The parties agree that no appellate decision in Florida has discussed the effect or application of § 627.737(4), other than Nales v. State Farm Mut. Auto. Ins. Co., 398 So.2d 455, 456 (Fla. 2d DCA 1981). Nales, in dicta, discussed § 627.737(4) only in the context that it was added to § 627.737 in 1977, demonstrating the Florida Legislature's awareness of the doctrine of punitive damages. This court's independent research has revealed no Florida appellate decisions addressing the applicability of that section to a common law third party bad faith claim against an automobile insurer. The only decision cited to the court is a Florida circuit court decision, Hollis v. Allstate Insurance Co., 10 Fla. Supp.2d 65 (Fla.Cir.Ct. 15th 1985). In that case, the circuit court determined that § 627.737(4) prohibited recovery of punitive damages in a third party bad faith action against an automobile insurer.[1]

The plain language of § 627.737(4) renders it applicable to the instant action.[2] Accordingly, Defendant's Motion to Dismiss Count II of the Amended Complaint (Dkt.223) is GRANTED. Florida Statute § 627.737(4) precludes recovery of punitive damages in this common law third party bad faith claim against Defendant, an automobile liability insurer, for damages in excess of its policy limits.

NOTES

[1] Swamy v.
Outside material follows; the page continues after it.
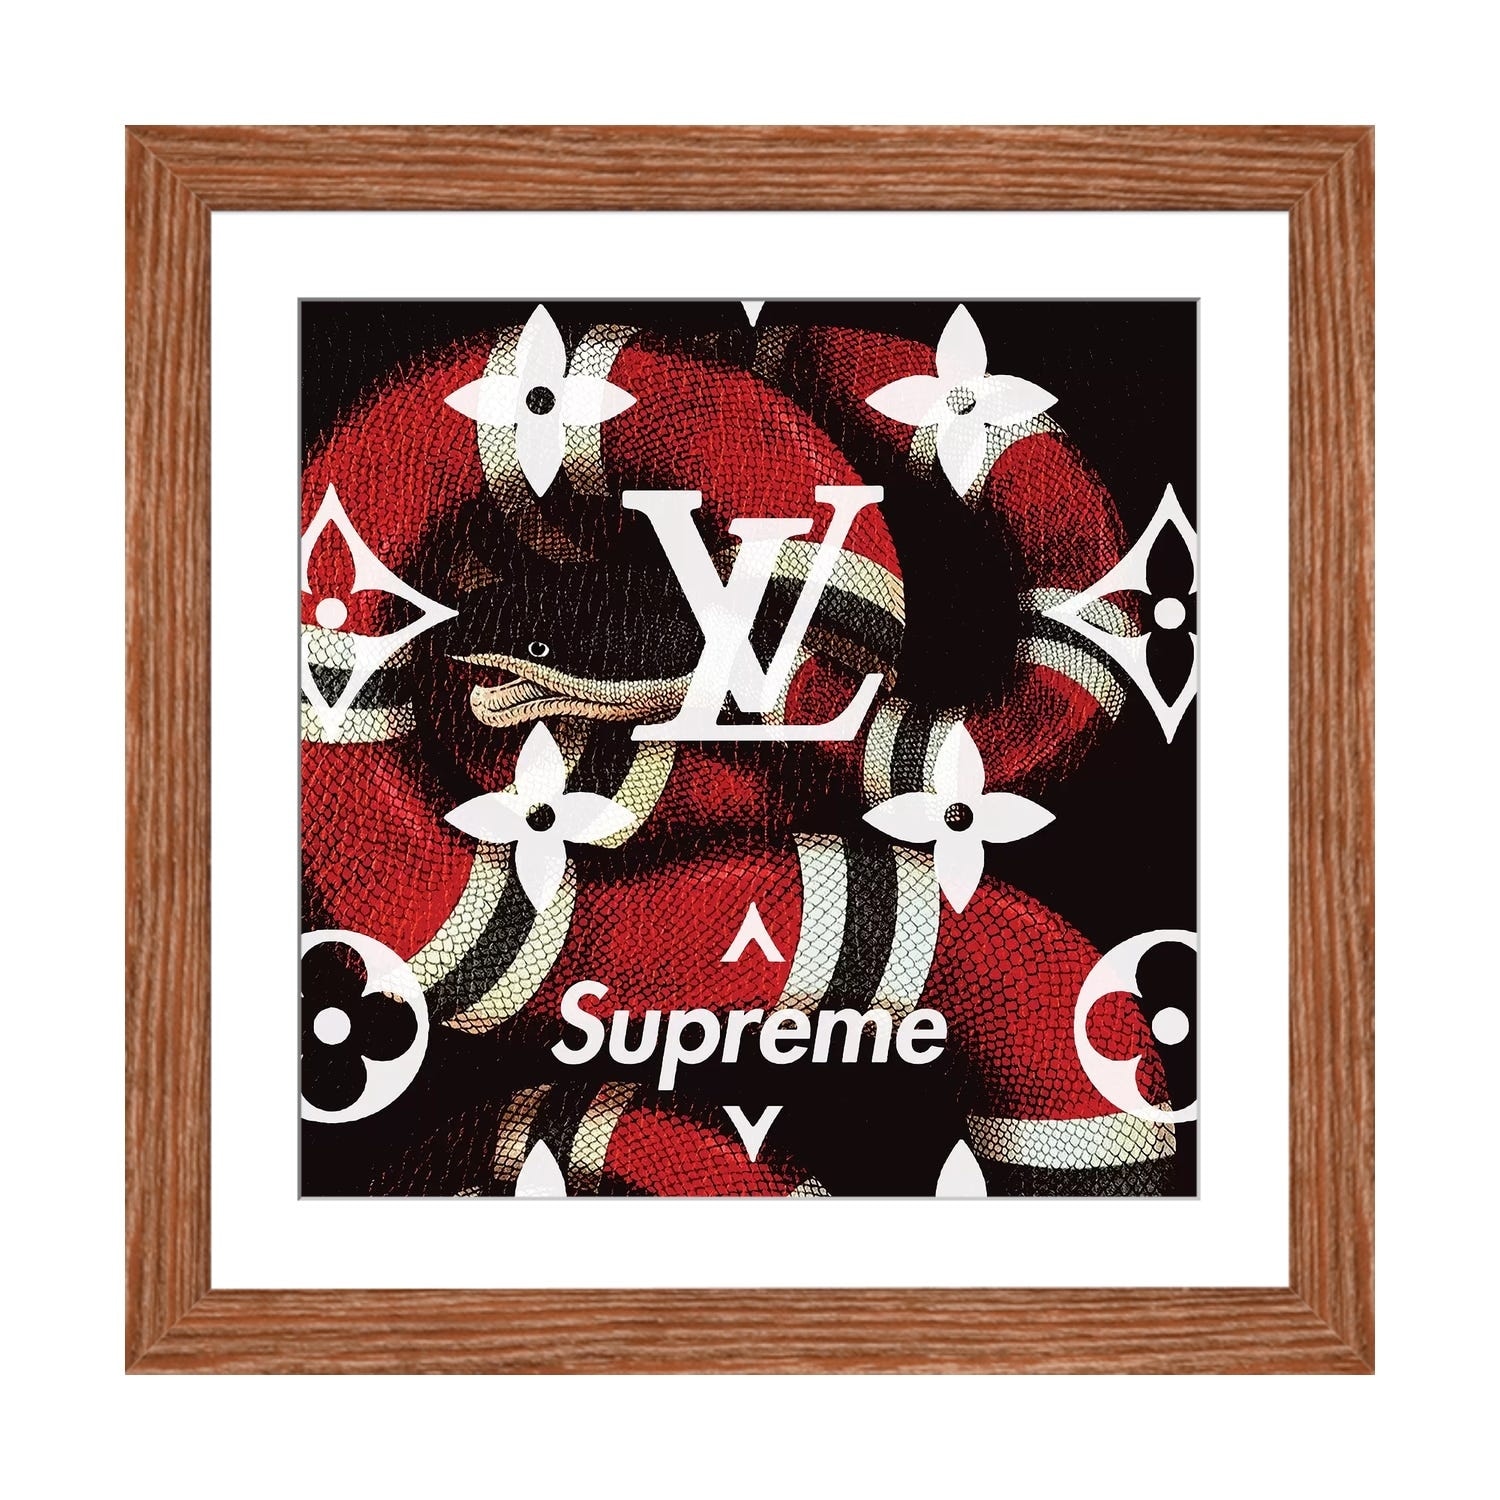 Louis Vuitton Supreme In Red Bathroom Set With Shower Curtain

Caduceus Self Ins. Fund, Inc., 648 So.2d 758 (Fla. 1st DCA 1994) in inapposite as it involved a third party bad faith claim against a medical malpractice insurer. Likewise, Nales v. State Farm Mutual Automobile Insurance Co., 398 So.2d 455 (Fla. 2d DCA 1981) discusses only the recovery of punitive damages against a tortfeasor when a plaintiff is not able to establish the Florida no-fault permanency threshold. In that case, punitive damages were not sought against the insurer, State Farm. Finally, in Dunn v. National Security Fire and Casualty Co., 631 So.2d 1103 (Fla. 5th DCA 1994), there is no indication that the applicability of § 627.737(4) was raised, argued or considered. There are Florida cases discussing the recovery of punitive damages in bad faith cases, although these cases, unlike the instant case, involved statutory bad faith claims brought pursuant to Fla. Stat. § 624.155. see e.g. Thompson v. State Farm Mut. Auto. Ins. Co., 670 So.2d 1070 (Fla. 3d DCA 1996). The instant action is a common law third party bad faith claim.

[2] Defendant points to one secondary source which acknowledges the application of § 627.737(4) to any action against an automobile liability insurer where damages in excess of policy limits are sought. James F. McKenzie, Unfair Claims Practices and Bad Faith, in FLORIDA AUTOMOBILE INSURANCE LAW § 7.37, (Fla. Bar 2002).